Dismissal prior to evidentiary hearing would be proper if based on lack of jurisdiction, lack of timeliness and in certain other cases . . . (4)

The issue posed by the motion is whether the complaint can be read to allege any act or unfair labor practice falling within the one year "right to proceed" set by Sec. 111.07(14), Stats.

Reading the complaint in the light most favorable to the Complainant, (5) the last act or specific unfair labor practice alleged against the Union dates from Beil's June 23, 1994 letter to Kauers. The complaint was filed with the Commission on July 10, 1995. This filing is beyond the one-year period mandated by Sec. 111.07(14), Stats. As noted above, the effect of Sec. 111.07(14), Stats., is jurisdictional. The complaint has, accordingly, been dismissed.

Dated at Madison, Wisconsin, this 8th day of December, 1995.

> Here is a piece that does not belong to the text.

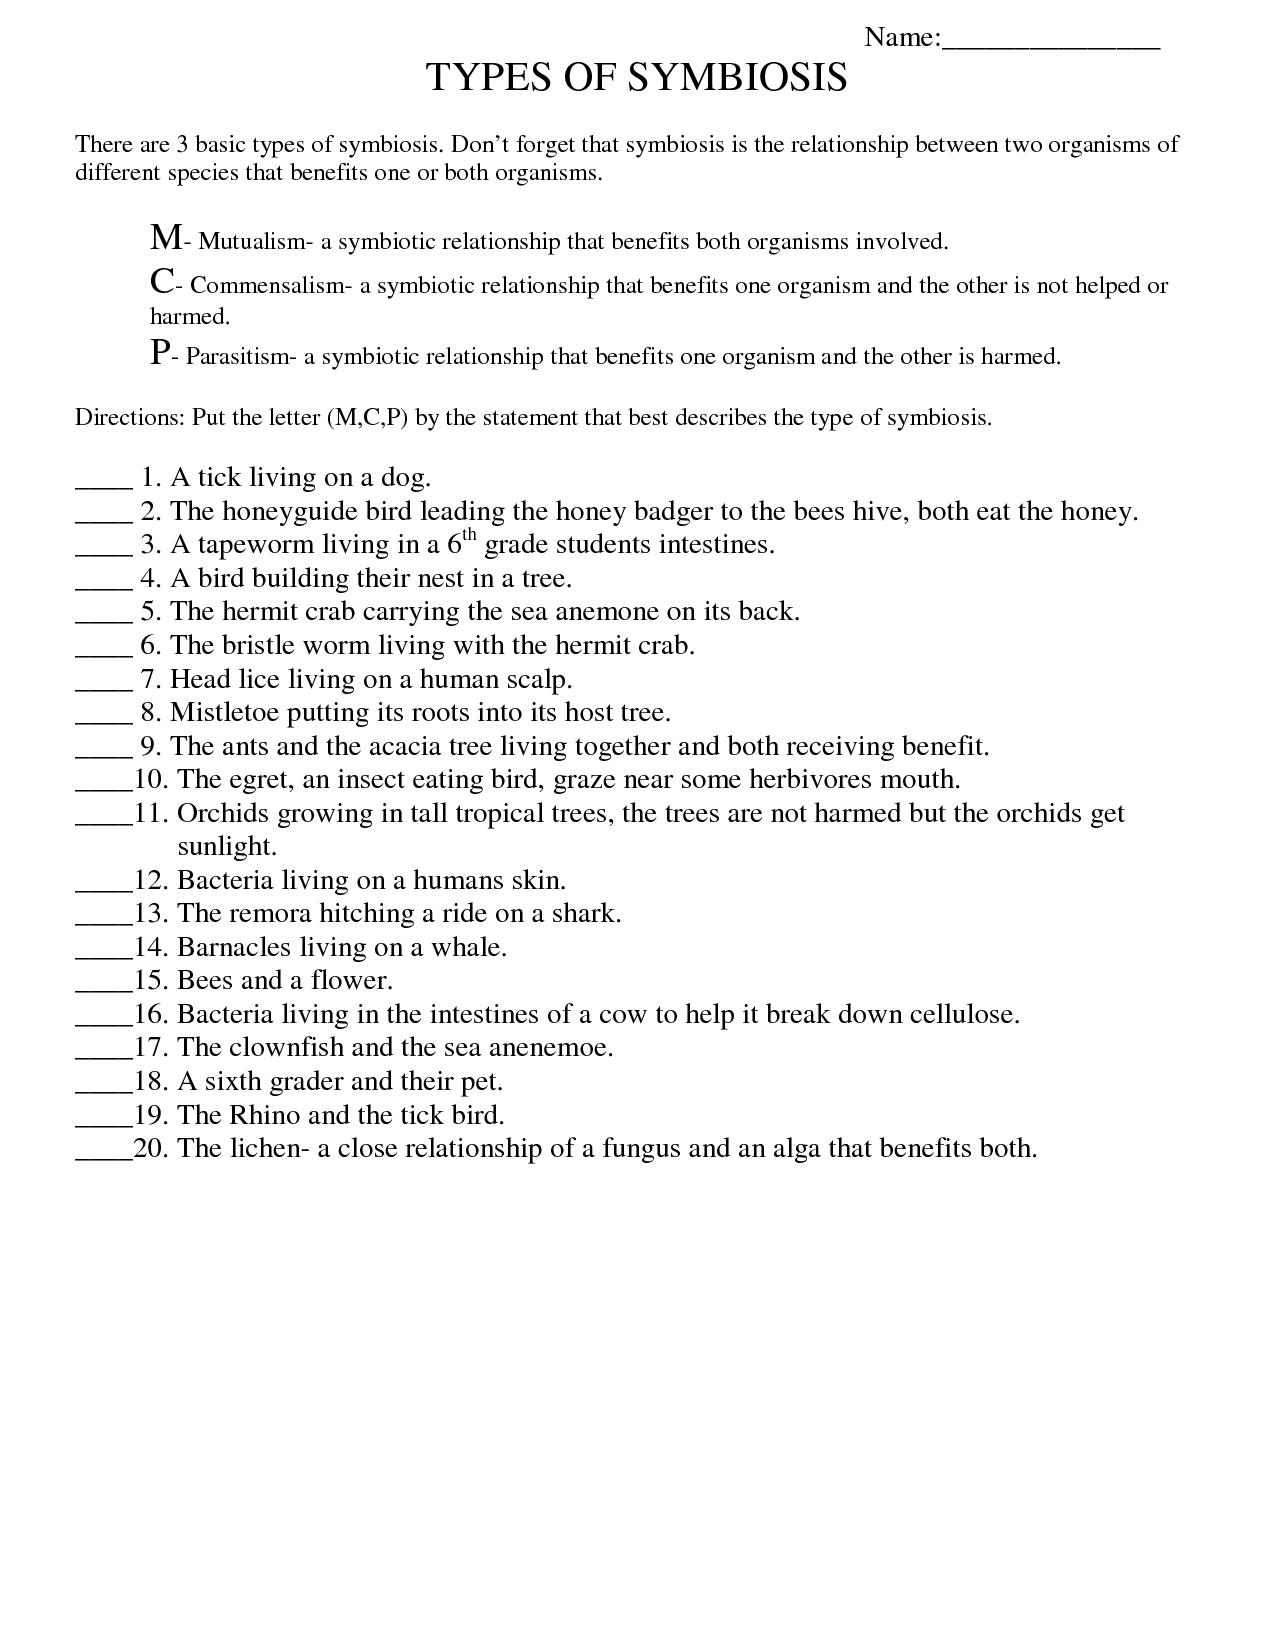 Symbiosis Worksheet: Free Printable Worksheets On High School Bio | Free Printable High School Science Worksheets

By Richard B. McLaughlin /s/

Richard B. McLaughlin, Examiner

1. Any party may file a petition for review with the Commission by following the procedures set forth in Sec. 111.07(5), Stats.

Section 111.07(5), Stats.

(5) The commission may authorize a commissioner or examiner to make findings and orders. Any party in interest who is dissatisfied with the findings or order of a commissioner or examiner may file a written petition with the commission as a body to review the findings or order. If no petition is filed within 20 days from the date that a copy of the findings or order of the commissioner or examiner was mailed to the last known address of the parties in interest, such findings or order shall be considered the findings or order of the commission as a body unless set aside, reversed or modified by such commissioner or examiner within such time. If the findings or order are set aside by the commissioner or examiner the status shall be the same as prior to the findings or order set aside. If the findings or order are reversed or modified by the commissioner or examiner the time for filing petition with the commission shall run from the time that notice of such reversal or modification is mailed to the last known address of the parties in interest. Within 45 days after the filing of such petition with the commission, the commission shall either affirm, reverse, set aside or modify such findings or order, in whole or in part, or direct the taking of additional testimony. Such action shall be based on a review of the evidence submitted. If the commission is satisfied that a party in interest has been prejudiced because of exceptional delay in the receipt of a copy of any findings or order it may extend the time another 20 days for filing a petition with the commission.

This decision was placed in the mail on the date of issuance (i.e. the date appearing immediately above the Examiner's signature).

2. See Local 950, International Union of Operating Engineers, Dec. No. 21050-C (WERC, 7/84).

3. See, for example, AFSCME, Council 24, Wisconsin State Employees Union, Dec. No. 21980-C (WERC, 2/90), and State of Wisconsin, Department of Employment Relations (DER), Dec. No. 25284-C (WERC, 11/90).

4. 68 OAG 31, 34 (1979). The opinion letter was requested by the Wisconsin Real Estate Examining Board and concerned the "denial, limitation, suspension or revocation of licenses."

5. See Racine Unified School District, et al., Dec. No. 27982-B (WERC, 6/94).